This course will examine recent anthropological contributions to debates about intellectual property which have been part of a renewed anthropological interest in property more generally. Anthropologists have added to discussions of intellectual property by questioning the cross-cultural applicability of Euro-American concepts of property, which are based on culturally and historically specific conceptualisations of social persons, objects, and the relationships between persons and objects. They have also questioned ideas about creativity, which are central to legal definitions of intellectual property and have documented the effects of increasingly globalised intellectual property regimes (such as the Paris and Berne Conventions and the more recent World Trade Organization Agreement on Trade Related Aspects of Intellectual Property) on local, and often disempowered, communities.
This course will consider anthropological work on property in general and will deal with aspects of intellectual property such as culturally-specific concepts of ownership, ideas of the commons and the public domain, the objectification and appropriation of indigenous knowledge (by anthropologists and others), creativity, the protection of intangible cultural heritage, and effects of the internet and global flows of information on persons, privacy and the ownership of ideas. The course will end with a consideration of arguments against intellectual property and ideas about alternatives to intellectual property.

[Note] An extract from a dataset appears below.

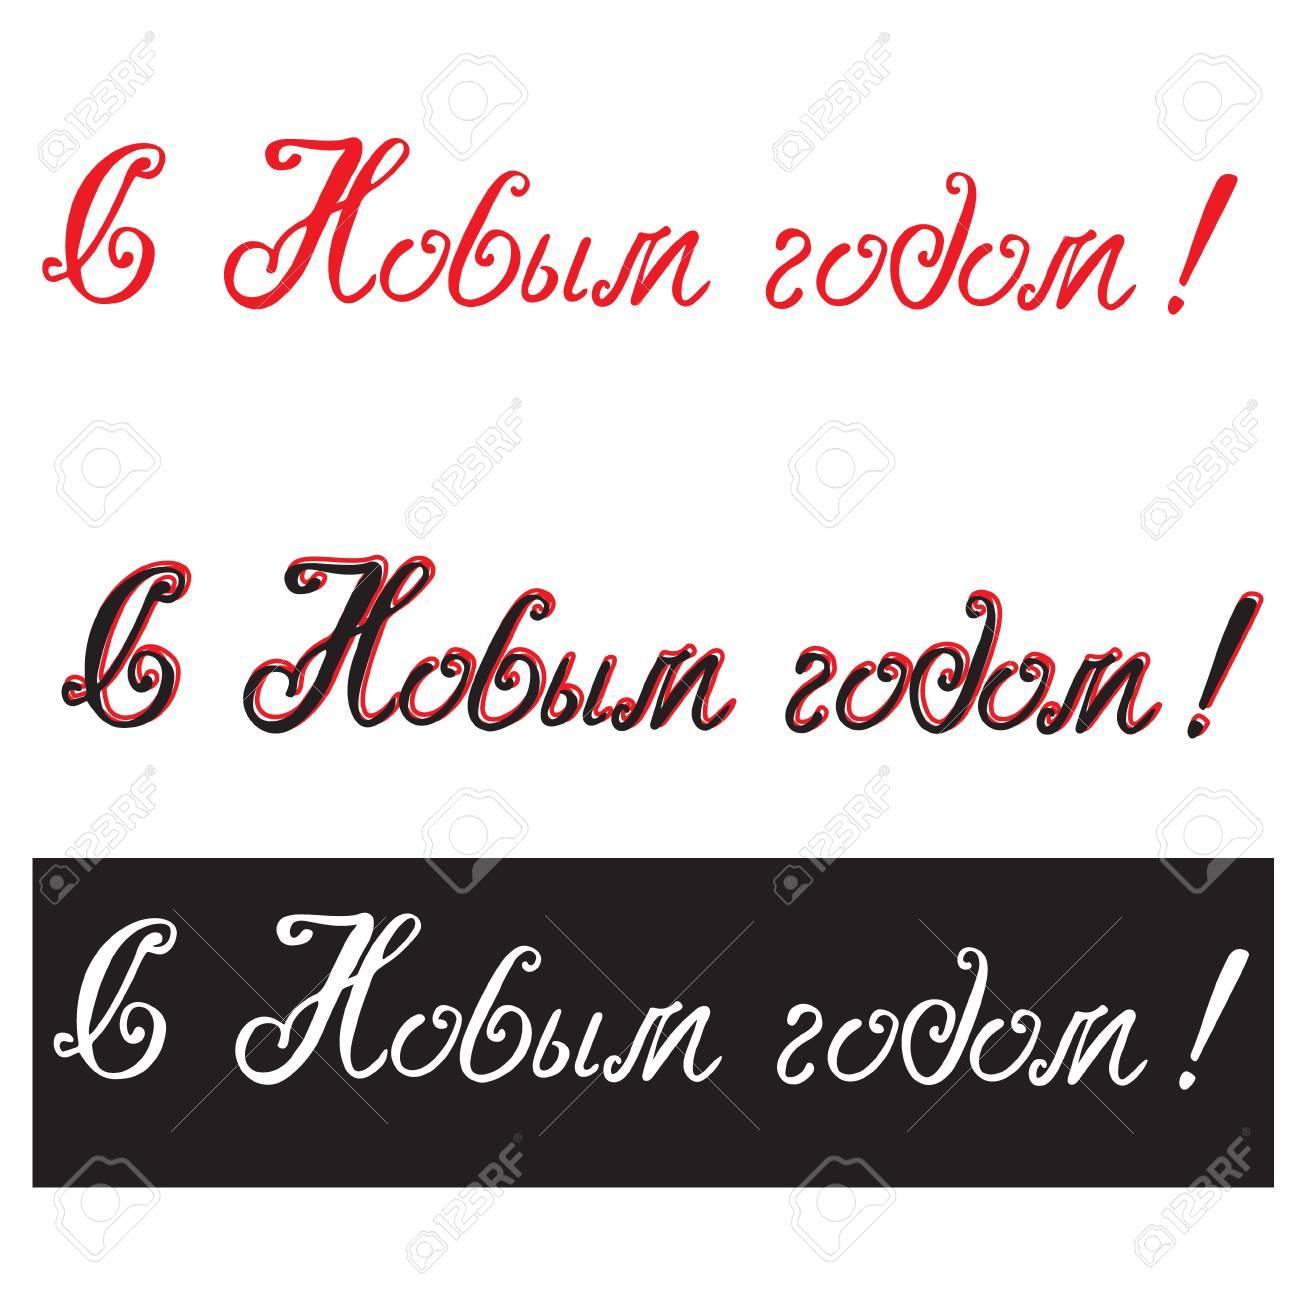 Letras Con Frase En Idioma Ruso Cálidos Deseos De Felices Fiestas En Cirílico Traducción Al Inglés Feliz Año Nuevo

At the completion of this course, students are expected to:
- understand anthropological approaches to property in general and to intellectual property in particular
- understand how personhood is relevant to conceptualisations of property and intellectual property
- understand how anthropological theorising about the various relationships between persons and things is relevant to contemporary debates concerning intellectual property
- understand why intellectual property has become a particularly salient discourse in the last 20 years
- understand how intellectual property claims are being used for cultural and political purposes
- demonstrate reading, writing and discussion skills at an appropriate level
|5 Precis (200 words each)||15%|
|Research Essay (2,400 words)||40%|
There is no textbook or course reader. Readings will be available through Canvas.
Workload and deadlines for submission of coursework:
The University of Auckland's expectation is that students spend 10 hours per week on a 15-point course, including time in class and personal study. Students should manage their academic workload and other commitments accordingly. Deadlines for coursework are set by course convenors and will be advertised in course material. You should submit your work on time. In extreme circumstances, such as illness, you may seek an extension but you may be required to provide supporting information before the assignment is due. Late assignments without a pre-approved extension may be penalised by loss of marks – check course information for details.